I'm sorry to have pained you. Despite my best efforts to run with the
exact same environment and conditions as your CI, my teamd can be
killed with "teamd -k" but yours hangs (both are version 1.32 on
Fedora with the same kernel config). For v7, I’ll invoke "teamd -k"
using the timeout utility, or just increase the test timeout.
Re: [PATCH net-next v6 00/10] Decouple receive and transmit enablement in team driver
Posted by Kuniyuki Iwashima 2 months, 1 week ago
From: Marc Harvey <marcharvey@google.com>
Date: Wed, 8 Apr 2026 17:10:05 -0700
> On Wed, Apr 8, 2026 at 9:40 AM Jakub Kicinski <kuba@kernel.org> wrote:
> >
> > It pains me to report on non-debug kernels:
> 
> I'm sorry to have pained you.

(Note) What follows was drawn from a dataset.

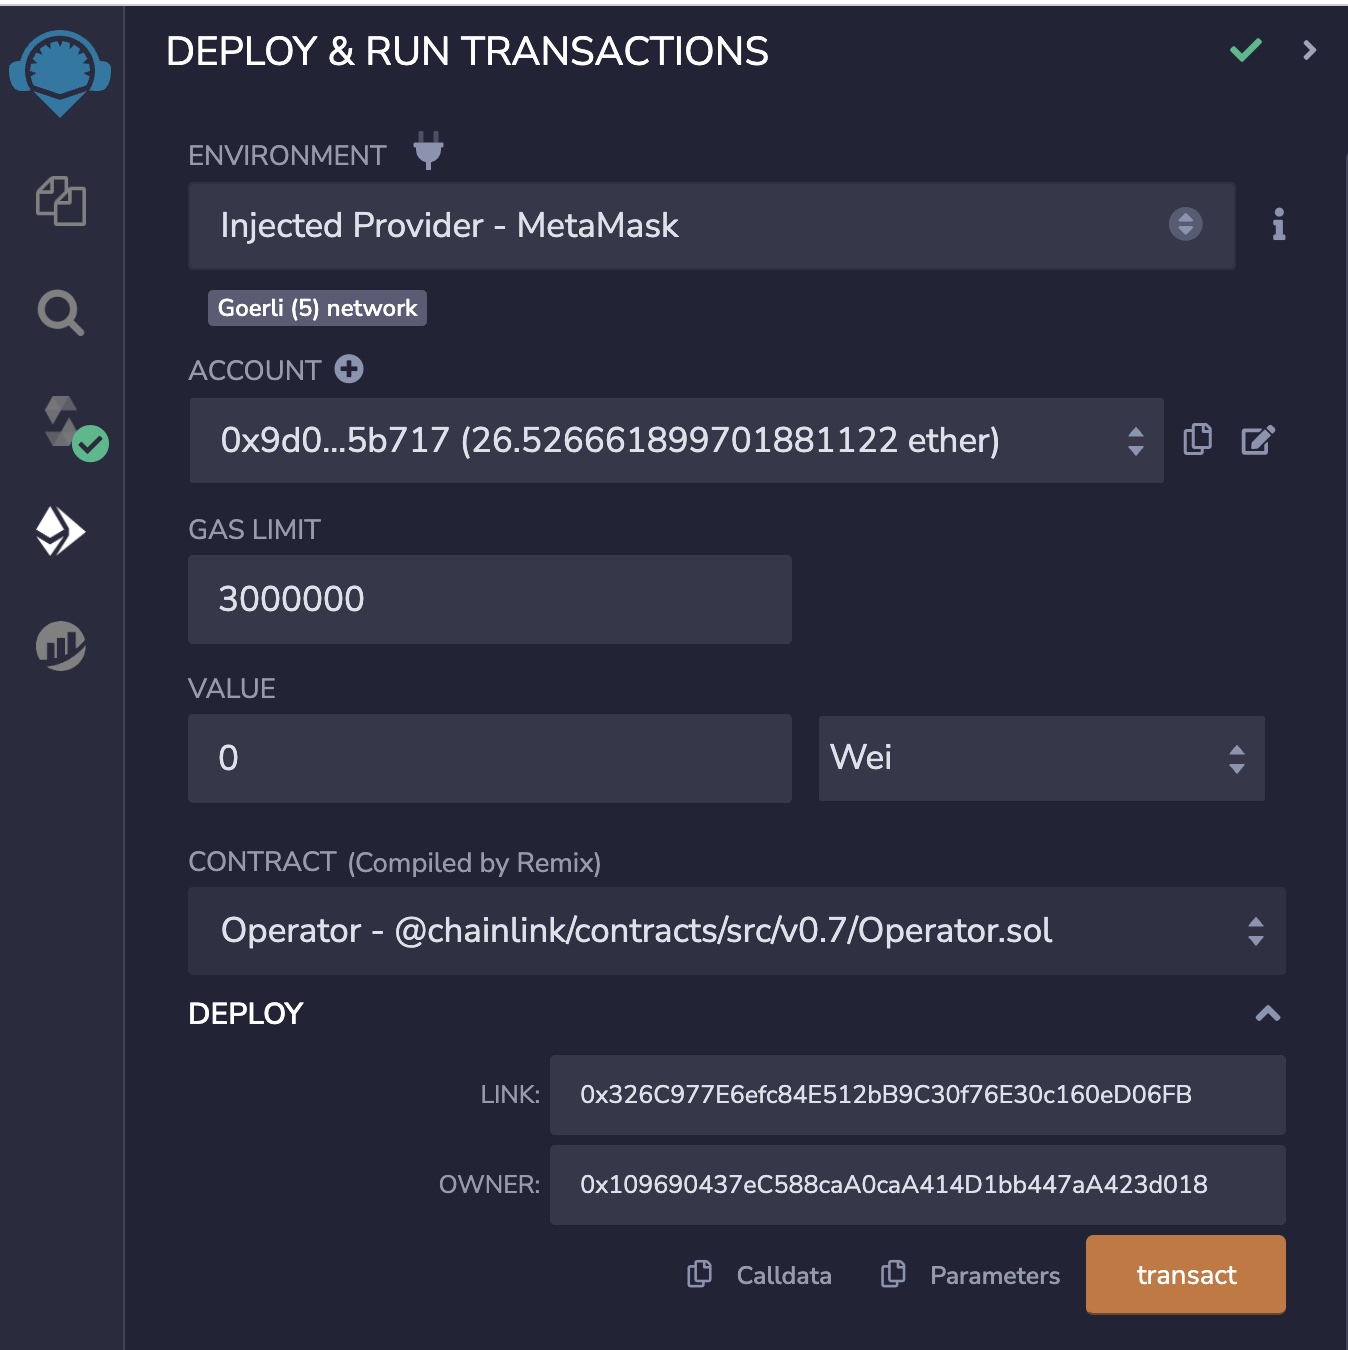 The Deploy & Run transaction window showing Injected Web 3 selected and the address for your MetaMask wallet.

Despite my best efforts to run with the
> exact same environment and conditions as your CI, my teamd can be
> killed with "teamd -k" but yours hangs (both are version 1.32 on
> Fedora with the same kernel config).

Considering the subsequent "kill" works on the dbg instance (thanks
to 2400s timeout), I guess teamd is somehow stuck at SIGTERM handling
removing team devices in teamd_port_remove_all().  (SIGTERM being masked
sounds unlikely)

https://netdev-ctrl.bots.linux.dev/logs/vmksft/bonding-dbg/results/593802/4-teamd-activebackup-sh/stdout
https://netdev-ctrl.bots.linux.dev/logs/vmksft/bonding-dbg/results/593802/4-teamd-activebackup-sh/stderr
---8<---
[  759.819815][T21724] test_team1: Port device eth1 removed
[  759.822323][T21724] test_team1: Port device eth0 removed
[  790.615687][T21728] test_team2: Port device eth1 removed
[  790.617445][T21728] test_team2: Port device eth0 removed
---8<---

Adding -N and letting "ip netns del" release the last netns refcnt
and defer device destruction to cleanup_net() may help.

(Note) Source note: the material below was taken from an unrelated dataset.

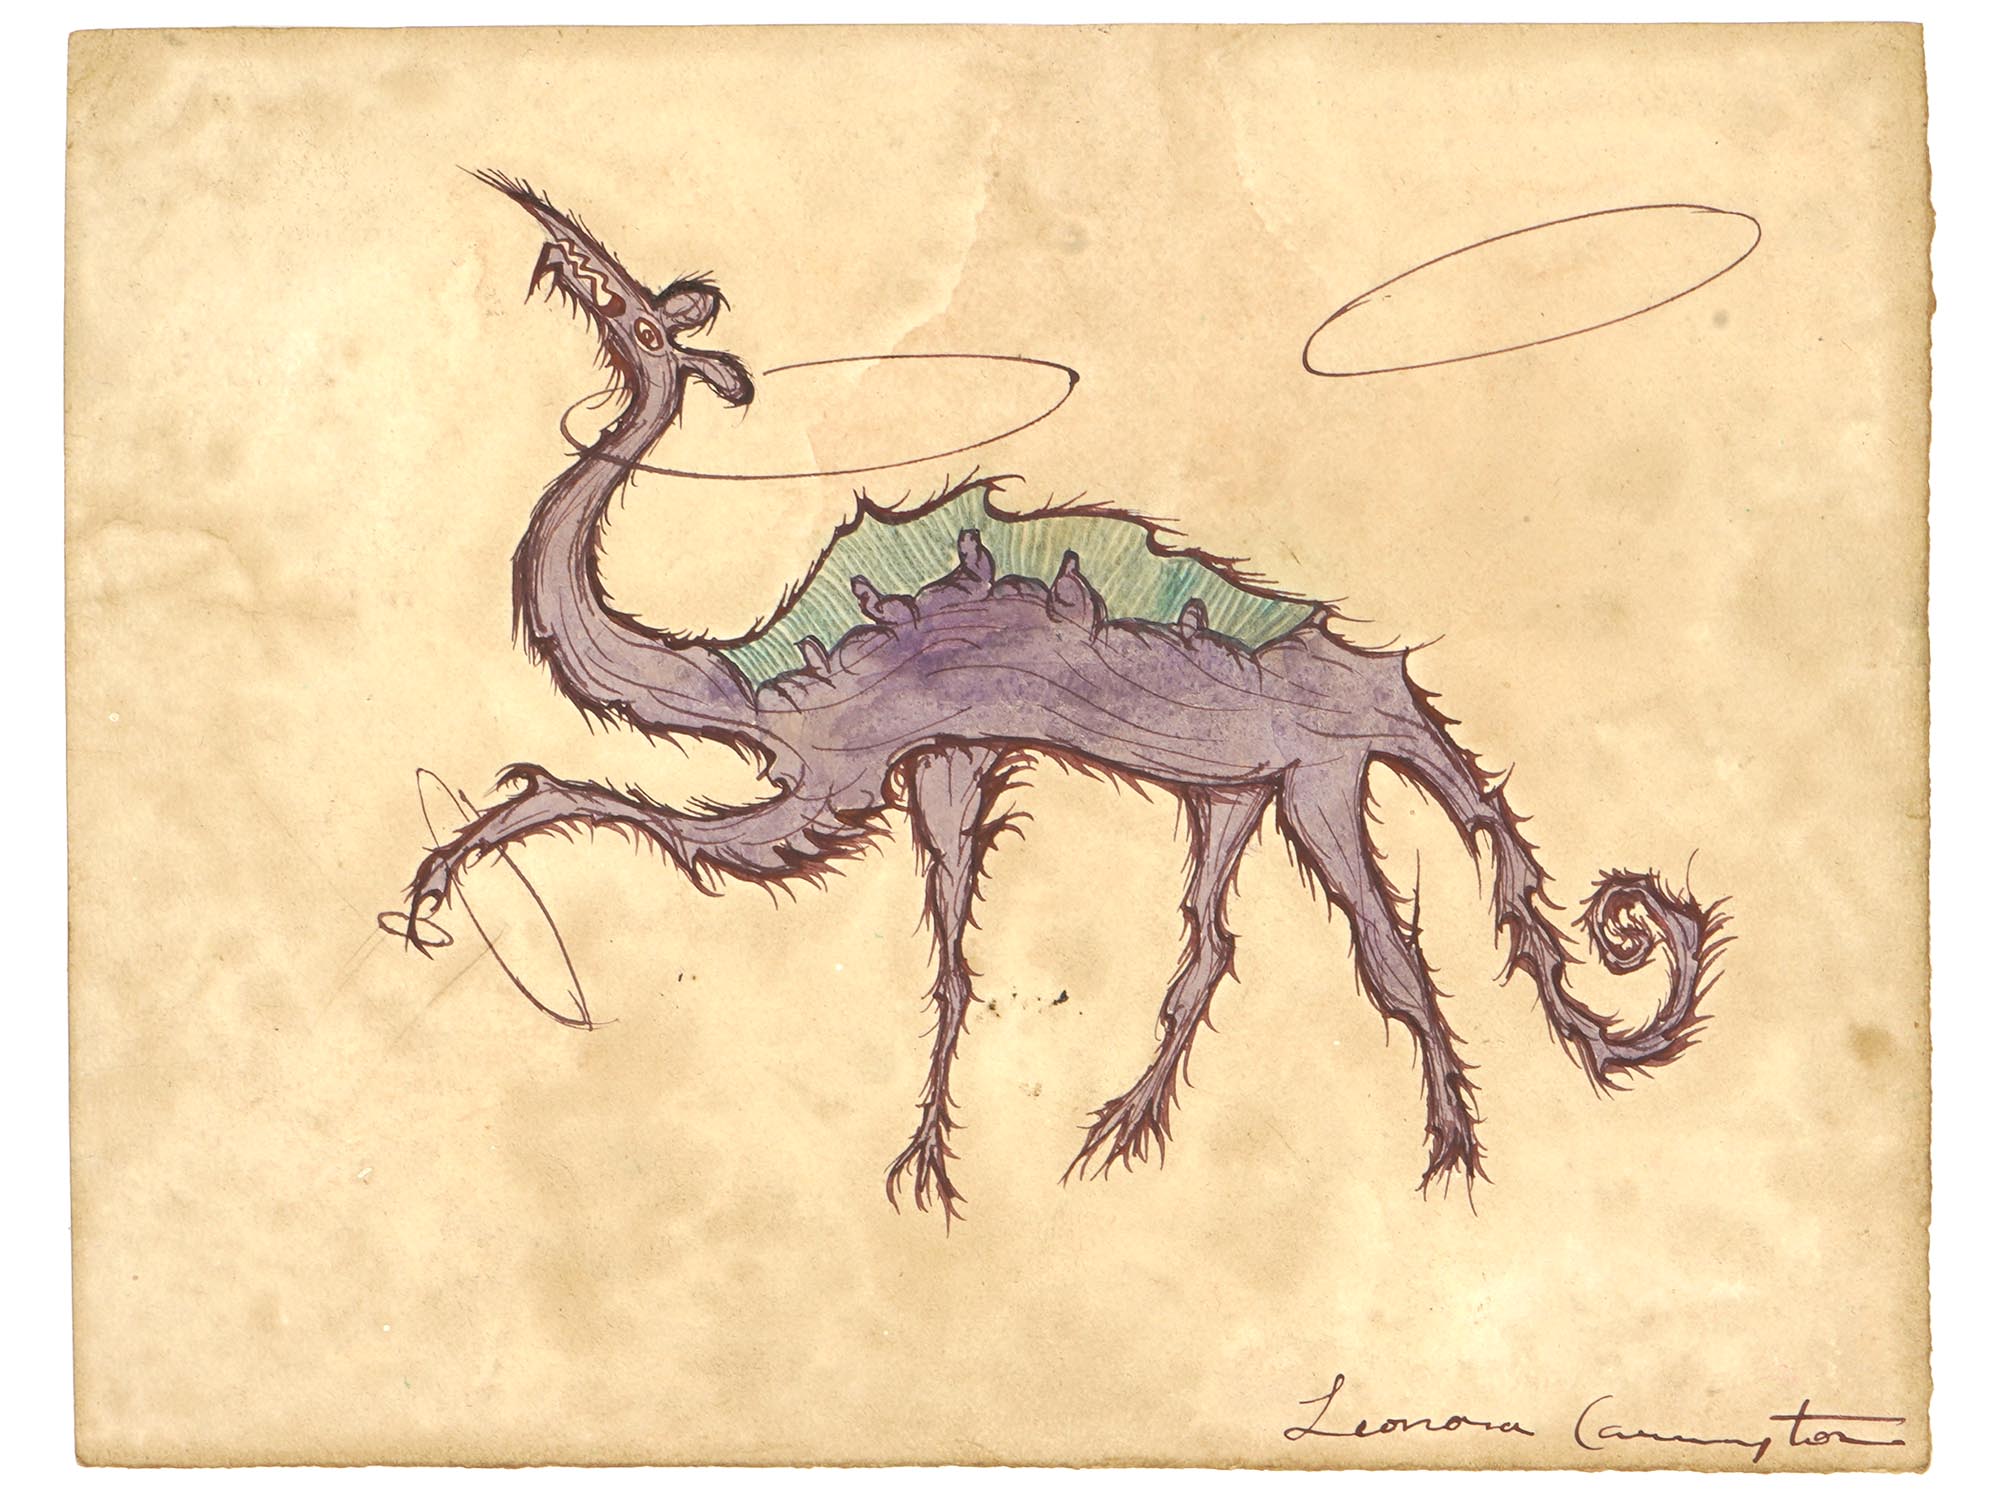 URREAL BRITISH INK PAINTING BY LEONORA CARRINGTON PIC-0

> For v7, I’ll invoke "teamd -k"
> using the timeout utility, or just increase the test timeout.

+1 for the latter, maybe set timeout=300.

daemon_pid_file_kill_wait(SIGTERM, 30) * 2 = 120s, but just in case.

See these files for howto:

  $ find tools/testing/selftests/net/ -name settings
Re: [PATCH net-next v6 00/10] Decouple receive and transmit enablement in team driver
Posted by Jakub Kicinski 2 months, 1 week ago
On Wed, 8 Apr 2026 17:10:05 -0700 Marc Harvey wrote:
> On Wed, Apr 8, 2026 at 9:40 AM Jakub Kicinski <kuba@kernel.org> wrote:
> > It pains me to report on non-debug kernels:  
> 
> I'm sorry to have pained you.

To be clear it's a compassionate pain on your behalf, I don' care :)

> Despite my best efforts to run with the exact same environment and
> conditions as your CI, my teamd can be killed with "teamd -k" but
> yours hangs (both are version 1.32 on Fedora with the same kernel
> config). For v7, I’ll invoke "teamd -k" using the timeout utility, or
> just increase the test timeout.